Award ceremony speech

Presentation Speech by Professor A.E. Lindh, member of the Nobel Committee for Physics

Your Majesty, Your Royal Highnesses, Ladies and Gentlemen.

The earliest known attempts to attain high pressures and to study various properties of matter under the influence of these pressures date from the beginning and middle of the 17th century. The experiments, which were carried out by extremely primitive methods, aimed in the first place at throwing light on the compressibility of liquids. These investigations did not become of a more scientific and systematic nature until the beginning of the last century, although at first they had the same limited aims as before. However, they were gradually extended to other fields. As an example may be mentioned attempts to compress a number of gases at high pressure, when great divergencies from Boyle’s law revealed themselves, and further, investigations of the effect of pressure on the refractivity of water, the effect of pressure on the resistance of an electric conductor. Most important of all was in 1861 Andrews’ discovery of the critical phenomena in gases.

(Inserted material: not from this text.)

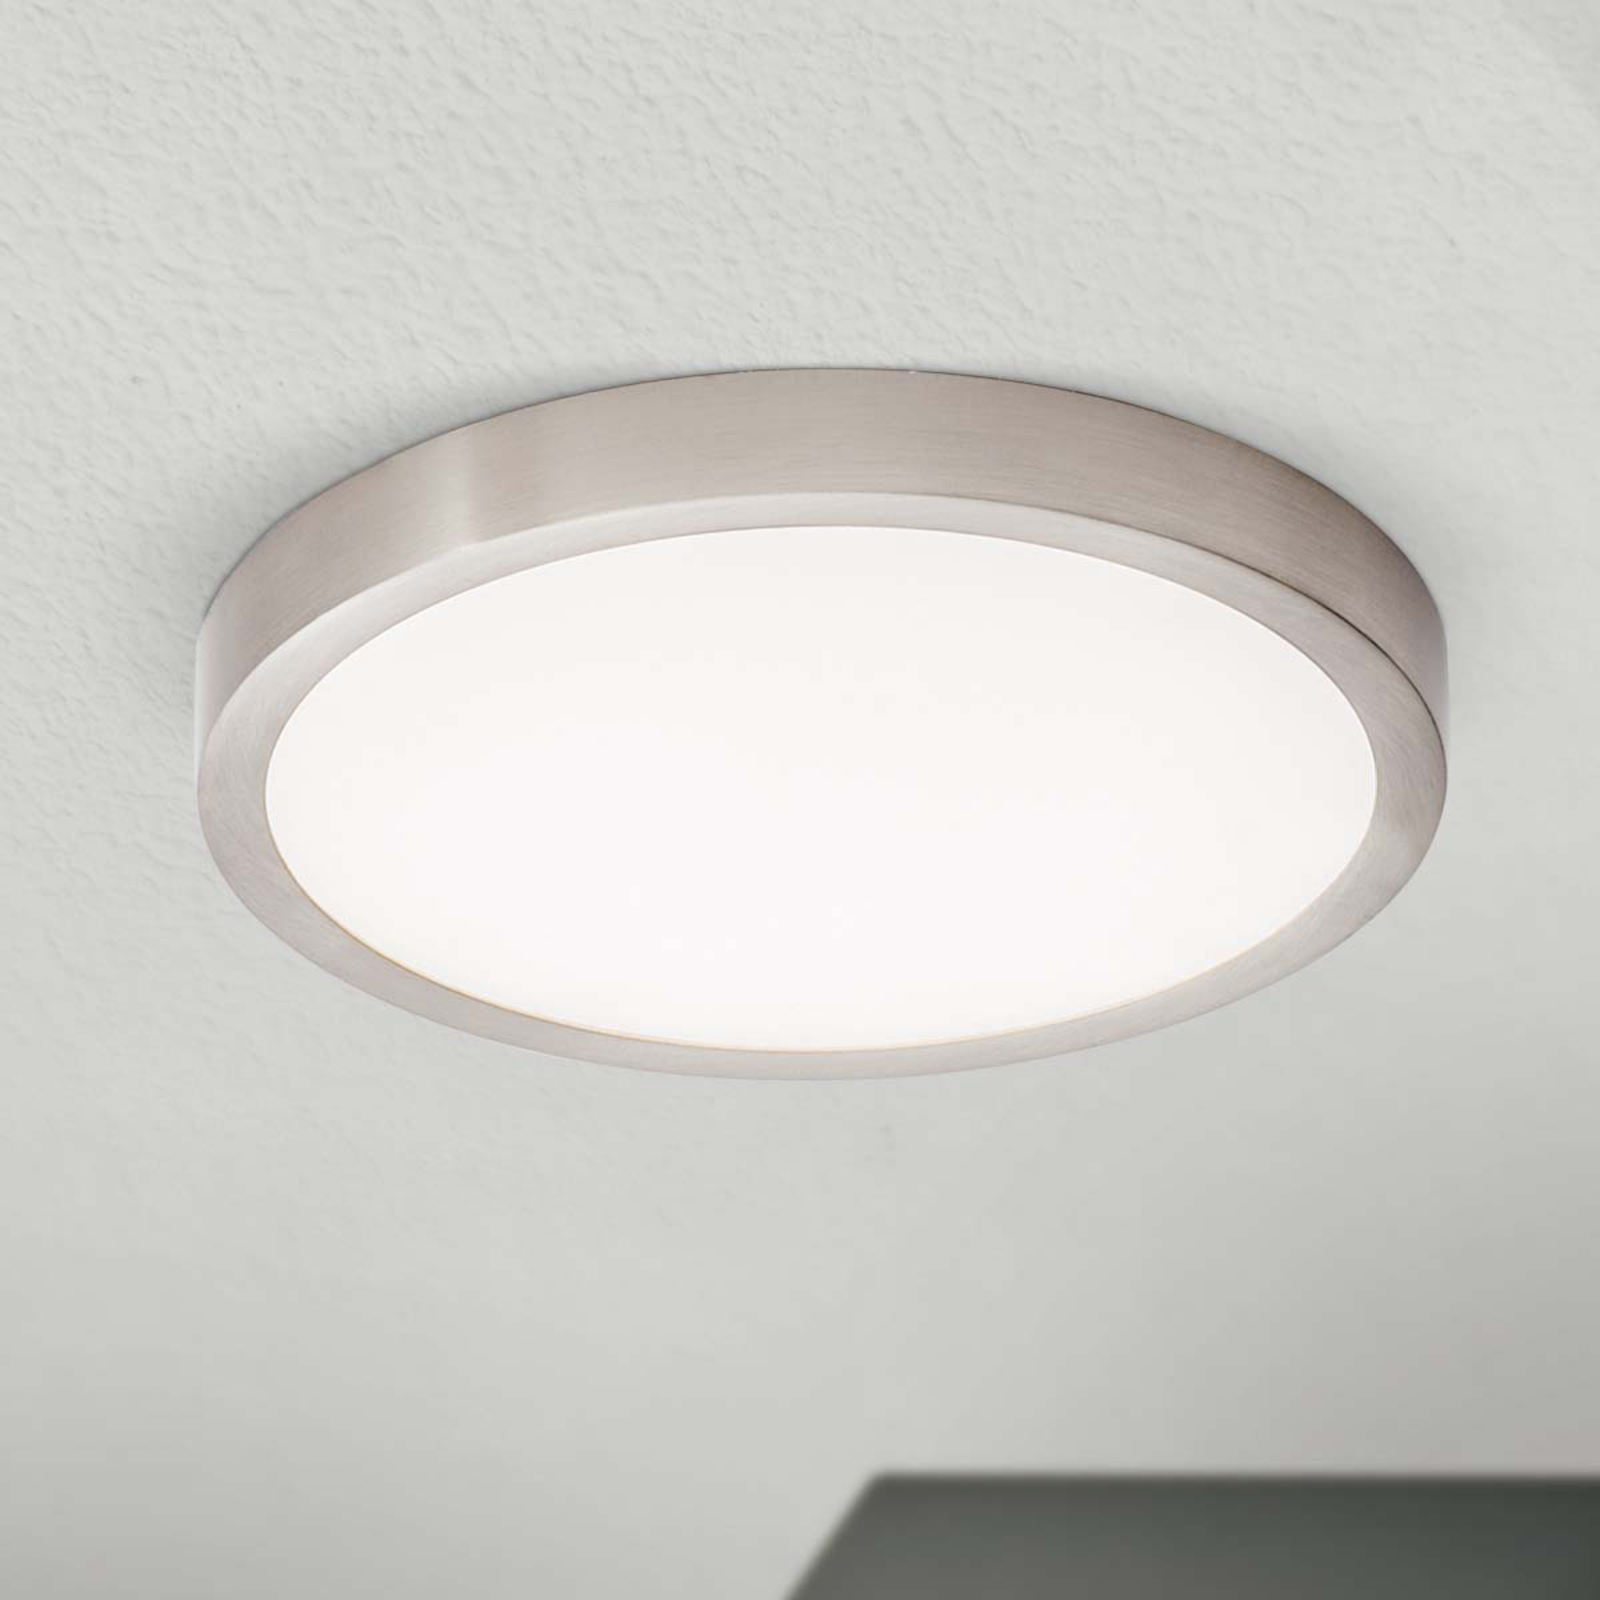 Heel platte LED plafondlamp Vika, 23 cm

A period of intensive research began after this last discovery, a period which lasted until the beginning of the 1890’s. During this period the leading research workers in this field were the two French physicists, Cailletet and Amagat, of whom the former was active during an earlier phase of the period mentioned. These two scientists, especially the latter, made important contributions towards improving the technique for attaining high pressures and worked out reliable methods for measuring them. Amagat developed a special technique for ensuring effective scalings or packings, a fundamental problem when working on high pressures. Thanks to this technique, Amagat succeeded in obtaining constant pressures of 3,000 kg/cm2 and more. His contributions were of the greatest importance for further work, and subsequently a large number of research workers in different countries devoted themselves to the study of high pressures. Although very comprehensive work in this field was done, no considerable progress was made in the matter of an improved technique. The limit remained at 3,000 kg/cm2, and it was not until after 1905 that it began to make gigantic leaps upwards. The credit for this is due in the first place to Professor P. W. Bridgman, who is today to receive the 1946 Nobel Prize for Physics for his invention of an apparatus for obtaining extremely high pressures, and for the discoveries he has made with it within that field of physics.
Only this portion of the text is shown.